In async module, this requested feature is closed as "wont fix"

  • Reason given in 2016 is "managing that kind of construct properly is a hard problem." See right side of here: https://github.com/caolan/async/issues/1314
  • Reason given in 2013 is "wouldn't scale to multiple processes" See: https://github.com/caolan/async/issues/37#issuecomment-14336237

There is a solution using leakybucket or token bucket model, it is implemented "limiter" npm module as RateLimiter.

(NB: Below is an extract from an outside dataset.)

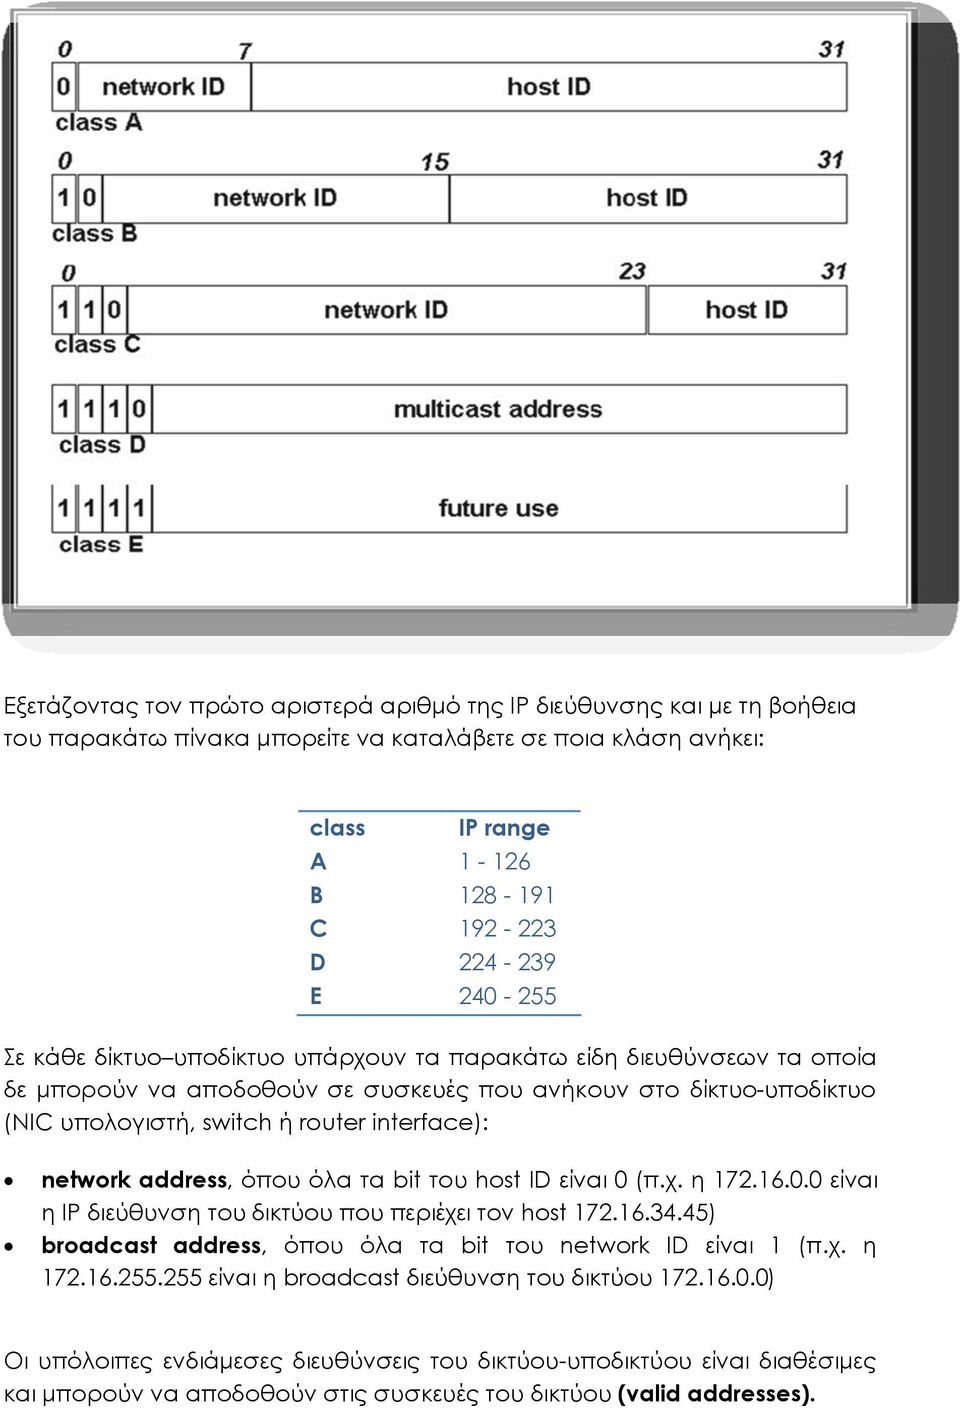 network address, όπου όλα τα bit του host ID είναι 0 (π.χ. η 172.16.0.0 είναι η ΙΡ διεύθυνση του δικτύου που περιέχει τον host 172.16.34.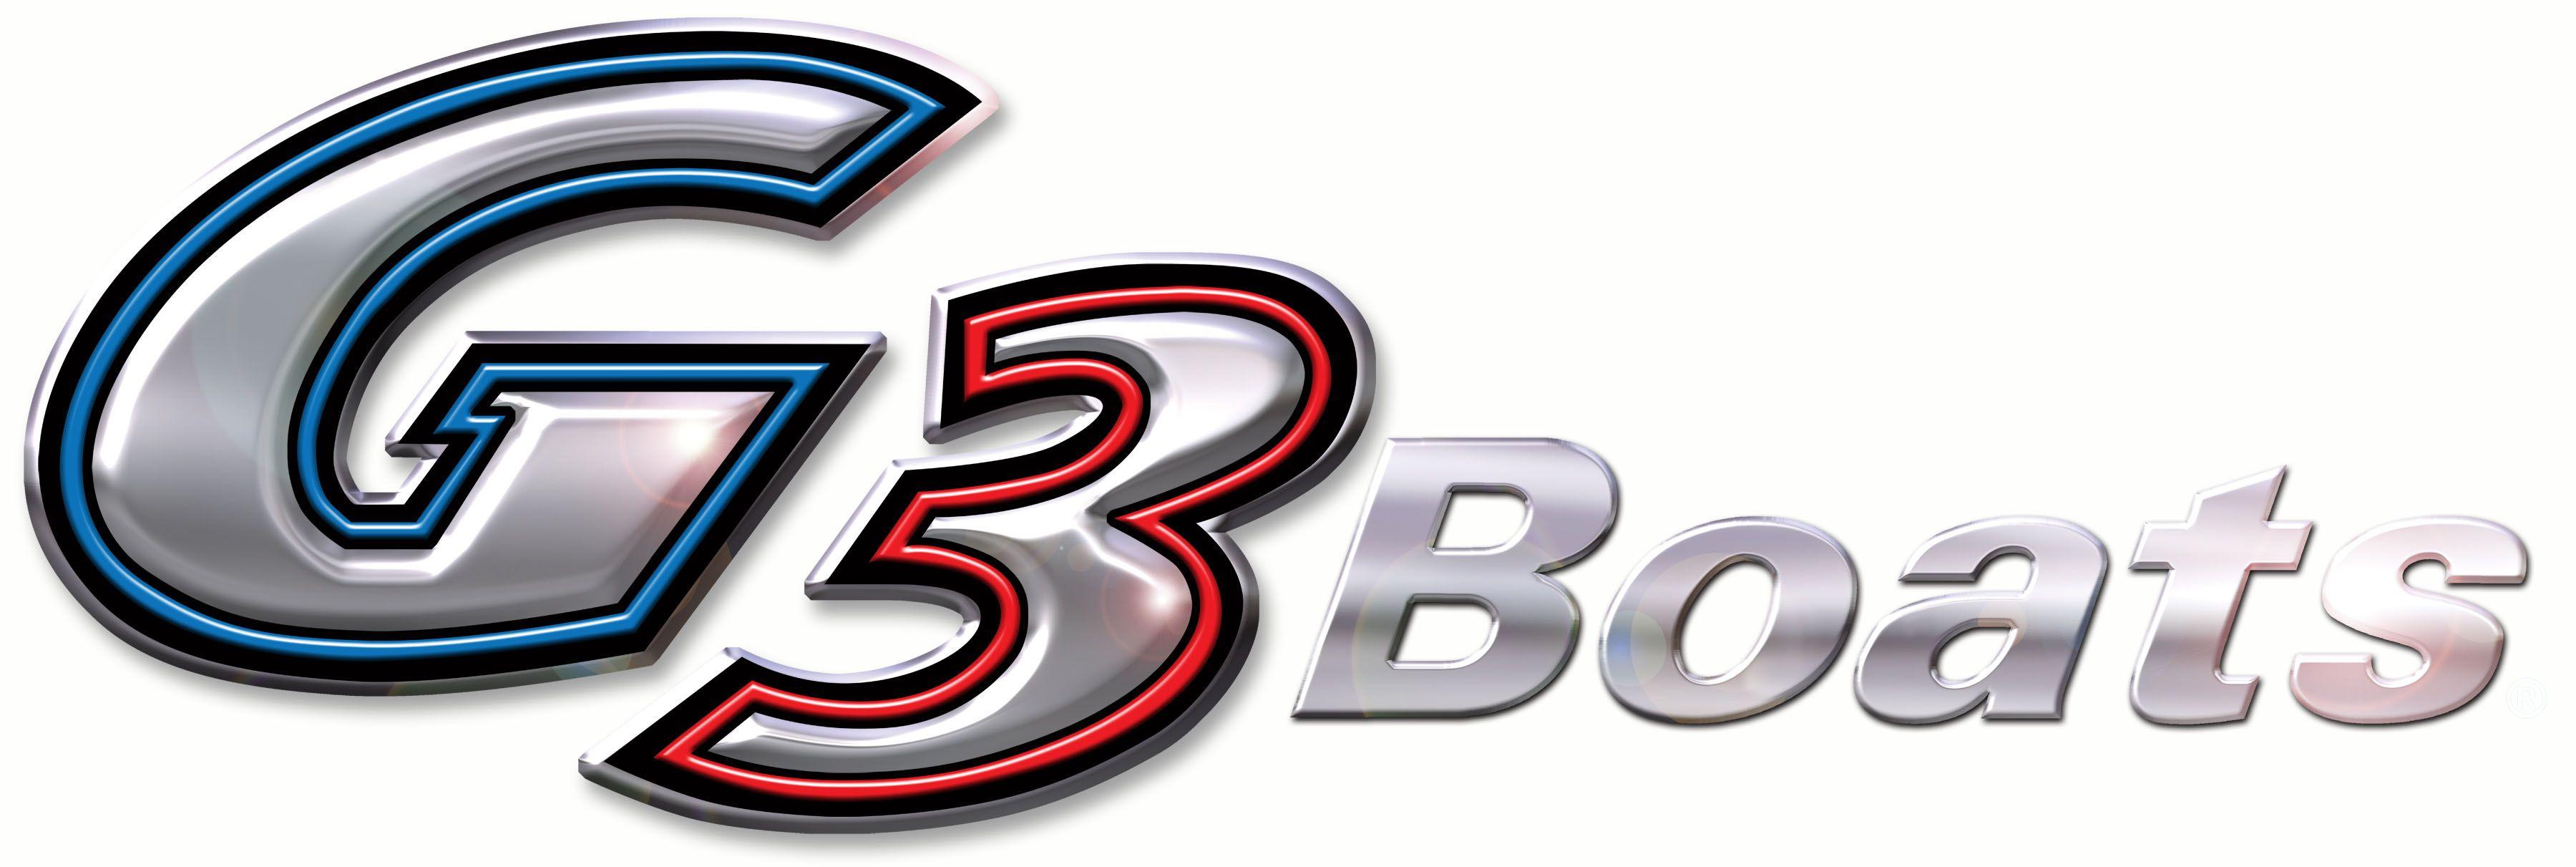 G3 Logo - G3-Boats-logo - Mobile Boat Show

RateLimiter, see example here: https://github.com/caolan/async/issues/1314#issuecomment-263715550

Another way is using PromiseThrottle, I used this, working example is below:

var PromiseThrottle = require('promise-throttle');
let RATE_PER_SECOND = 5; // 5 = 5 per second, 0.5 = 1 per every 2 seconds

var pto = new PromiseThrottle({
    requestsPerSecond: RATE_PER_SECOND, // up to 1 request per second
    promiseImplementation: Promise  // the Promise library you are using
});

let timeStart = Date.now();
var myPromiseFunction = function (arg) {
    return new Promise(function (resolve, reject) {
        console.log("myPromiseFunction: " + arg + ", " + (Date.now() - timeStart) / 1000);
        let response = arg;
        return resolve(response);
    });
};

let NUMBER_OF_REQUESTS = 15;
let promiseArray = [];
for (let i = 1; i <= NUMBER_OF_REQUESTS; i++) {
    promiseArray.push(
            pto
            .add(myPromiseFunction.bind(this, i)) // passing am argument using bind()
            );
}

Promise
        .all(promiseArray)
        .then(function (allResponsesArray) { // [1 .. 100]
            console.log("All results: " + allResponsesArray);
        });

Output:

myPromiseFunction: 1, 0.031
myPromiseFunction: 2, 0.201
myPromiseFunction: 3, 0.401
myPromiseFunction: 4, 0.602
myPromiseFunction: 5, 0.803
myPromiseFunction: 6, 1.003
myPromiseFunction: 7, 1.204
myPromiseFunction: 8, 1.404
myPromiseFunction: 9, 1.605
myPromiseFunction: 10, 1.806
myPromiseFunction: 11, 2.007
myPromiseFunction: 12, 2.208
myPromiseFunction: 13, 2.409
myPromiseFunction: 14, 2.61
myPromiseFunction: 15, 2.811
All results: 1,2,3,4,5,6,7,8,9,10,11,12,13,14,15

We can clearly see the rate from output, i.e. 5 calls for every second.



回答5:

Here's my solution use a library request-promise or axios and wrap the call in this promise.

var Promise = require("bluebird")

// http://stackoverflow.com/questions/28459812/way-to-provide-this-to-the-global-scope#28459875
// http://stackoverflow.com/questions/27561158/timed-promise-queue-throttle

module.exports = promiseDebounce

function promiseDebounce(fn, delay, count) {
  var working = 0, queue = [];
  function work() {
    if ((queue.length === 0) || (working === count)) return;
    working++;
    Promise.delay(delay).tap(function () { working--; }).then(work);
    var next = queue.shift();
    next[2](fn.apply(next[0], next[1]));
  }
  return function debounced() {
    var args = arguments;
    return new Promise(function(resolve){
      queue.push([this, args, resolve]);
      if (working < count) work();
    }.bind(this));
  }


回答6:

The other solutions were not up to my tastes. Researching further, I found promise-ratelimit which gives you an api that you can simply await:

var rate = 2000 // in milliseconds
var throttle = require('promise-ratelimit')(rate)

async function queryExampleApi () {
  await throttle()
  var response = await get('https://api.example.com/stuff')
  return response.body.things
}

The above example will ensure you only make queries to api.example.com every 2000ms at most. In other words, the very first request will not wait 2000ms.